Nahanni: River of Forgiveness

As a leader, Herb Norwegian, Grand Chief of the Dehcho First Nations in Canada’s Northwest Territories, is always looking for ways to encourage his people.  For years he has wanted to follow the route of the ancestors who spent the winters hunting and trapping near the headwaters of the great Nahanni River.  In the spring, they built a big boat out of moose skins and spruce.  As soon as the ice broke, they traveled down the Nahanni, portaging around Virginia Falls, and whistling through canyons with walls 1200 metres high. 

This territory is now called Nahanni National Park Reserve, 30,000 square kilometres of protected wilderness, co-managed by the Dehcho and Parks Canada.  A moose skin boat hasn’t been seen on the Nahanni in a hundred years but Herb Norwegian is undaunted!  He’s invited members of the Mountain Dene, experienced moose skin boat builders on the Keele River, to help.  Elder Leon Andrew is interested in the Nahanni because his grandfather traveled it.  He emphasizes, “Our people have existed up here through generations even before European arrival.  With stone tools they survived and we are still here.” 

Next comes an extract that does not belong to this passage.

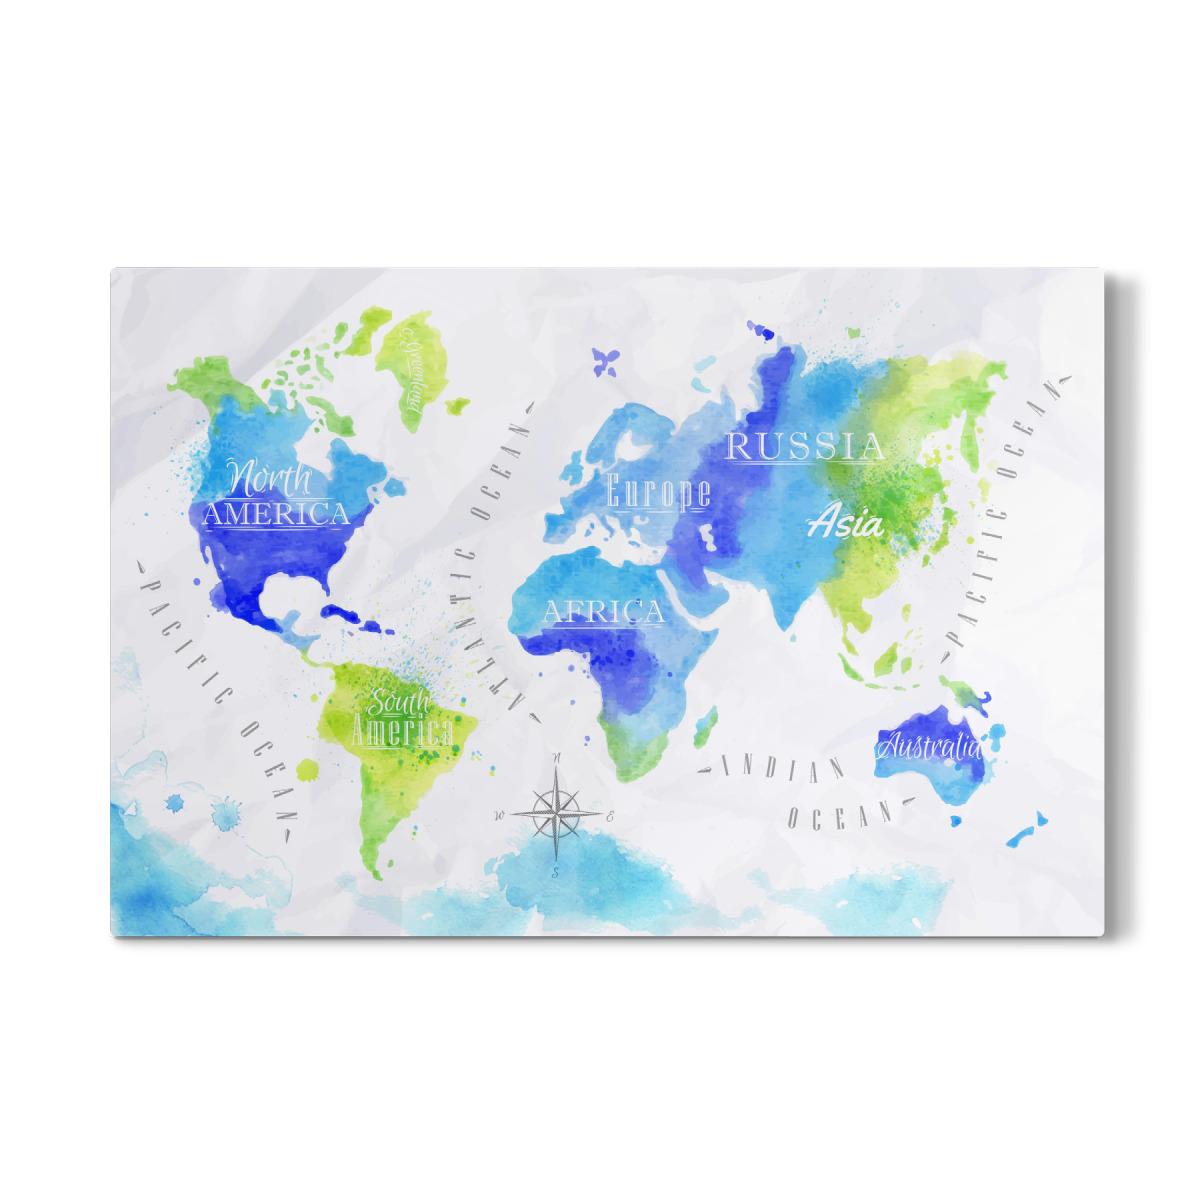 Purchase The Aquarell Weltkarte Grun Blau As A Gallery Print At

MORE: River of Forgiveness: The Interactive Experience

Leon has enlisted his brother Ricky Andrew and Robert Horassi, both expert bushmen and boat makers.  Ricky heeds his grandfather’s prediction that a hard future is coming for the Dene, as well as his warning to preserve their traditional ways to live off the land.  Ricky’s niece, Corinne Andrew and her friend Beatrice Kosh are skilled sewers.  They make the thread for sewing the hides from the backstrap sinew of the moose.  It’s extremely strong and swells when wet to seal the seams.

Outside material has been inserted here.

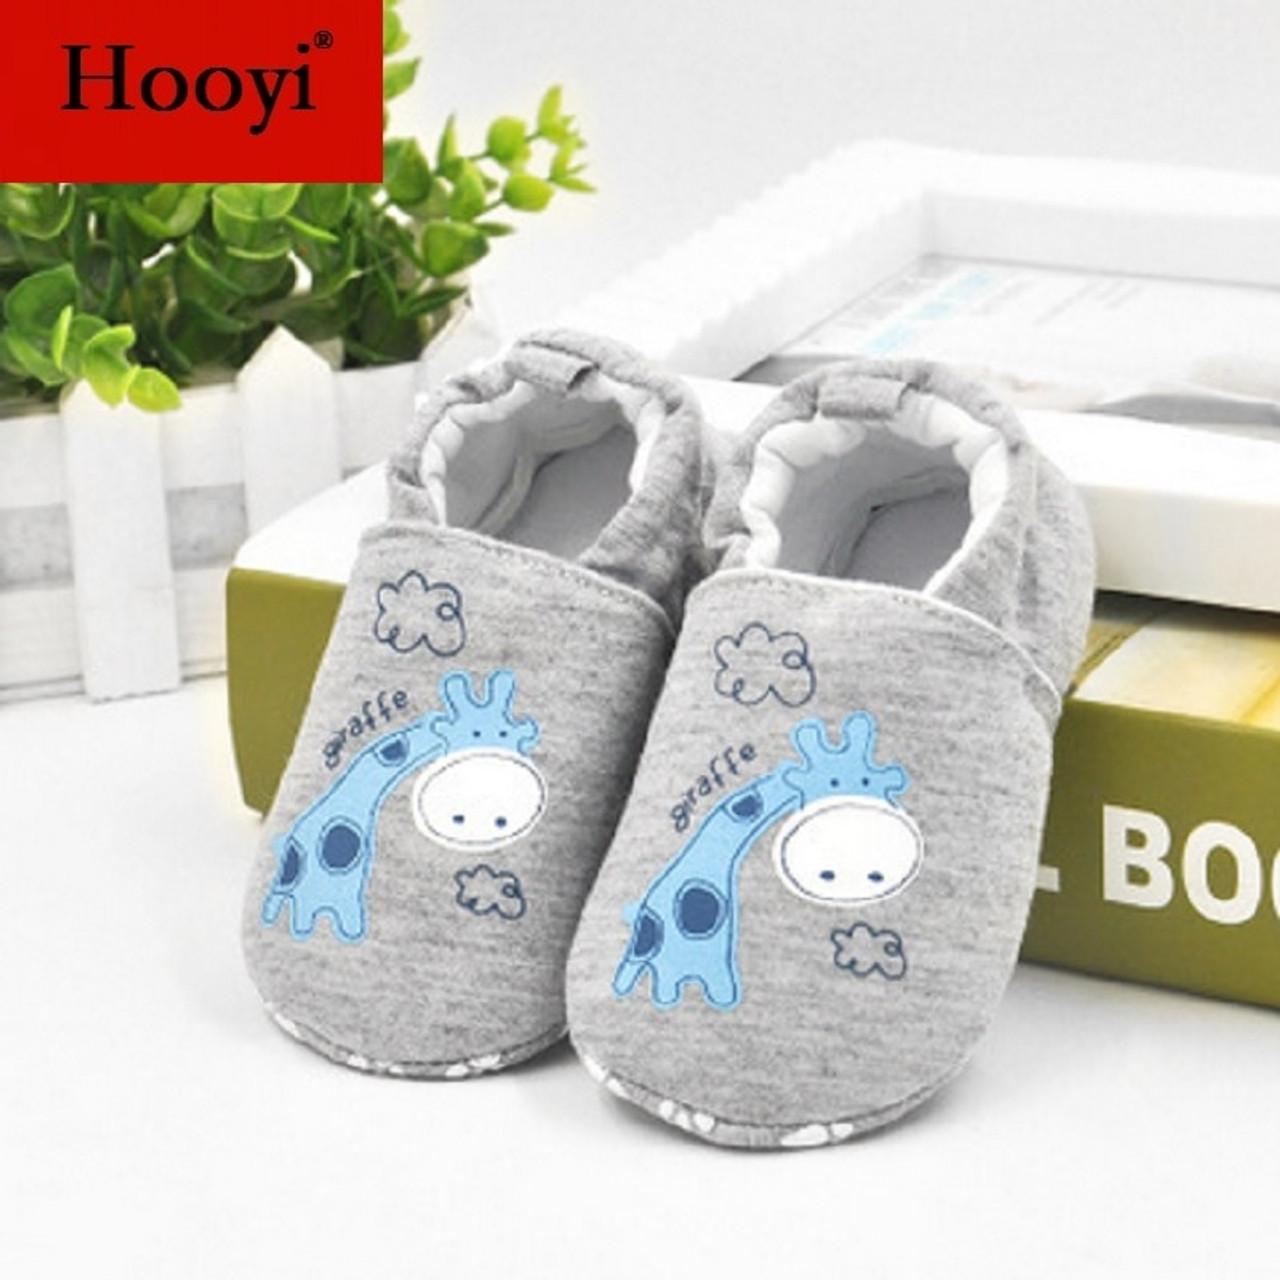 056487dbec08 ... Hooyi Animal Baby Boy shoe Newborn shoes 0 1 2 Year Infant Girl Boots  Bebe First ...

Other Dehcho Dene on the trip include Lawrence Nayally, a thoughtful and articulate, young radio host.  He is excited to renew his mission to become the best Dene he can be!  Lisa Williams is looking for healing and forgiveness from the multi-generational havoc wreaked upon Indigenous people by the cruel, racist history of colonialism in Canada.  Rochelle Yendo, aged 19, hopes to tap into the inspiration, strength, and self-confidence she needs to succeed and make a difference for her family. 

MORE: This remote Canadian wilderness is home to a spectacular waterfall twice the height of Niagara Falls

Everyone unites around the boat. The spruce trees are good where they are camped, but the Mountain Dene are worried whether the available hides have been processed properly for a boat?

Building the boat is an enormous effort.  Fingers are cut up and sore, muscles and nerves are exhausted.  But out of the bush, a moose skin boat finally emerges and their river journey begins.  

As with many ambitious adventures, not everything goes to plan. The Dene set off on a wild river in a boat whose strength is in doubt and they have to paddle more than 500 kilometres to get home!  

Nahanni River of Forgiveness is a journey through a magnificent landscape.  It’s a search for forgiveness and reconciliation for what has happened to the people and to the land.  It’s about the spiritual power of nature to heal the soul and a tribute to the resilience and steadfastness of the Dene.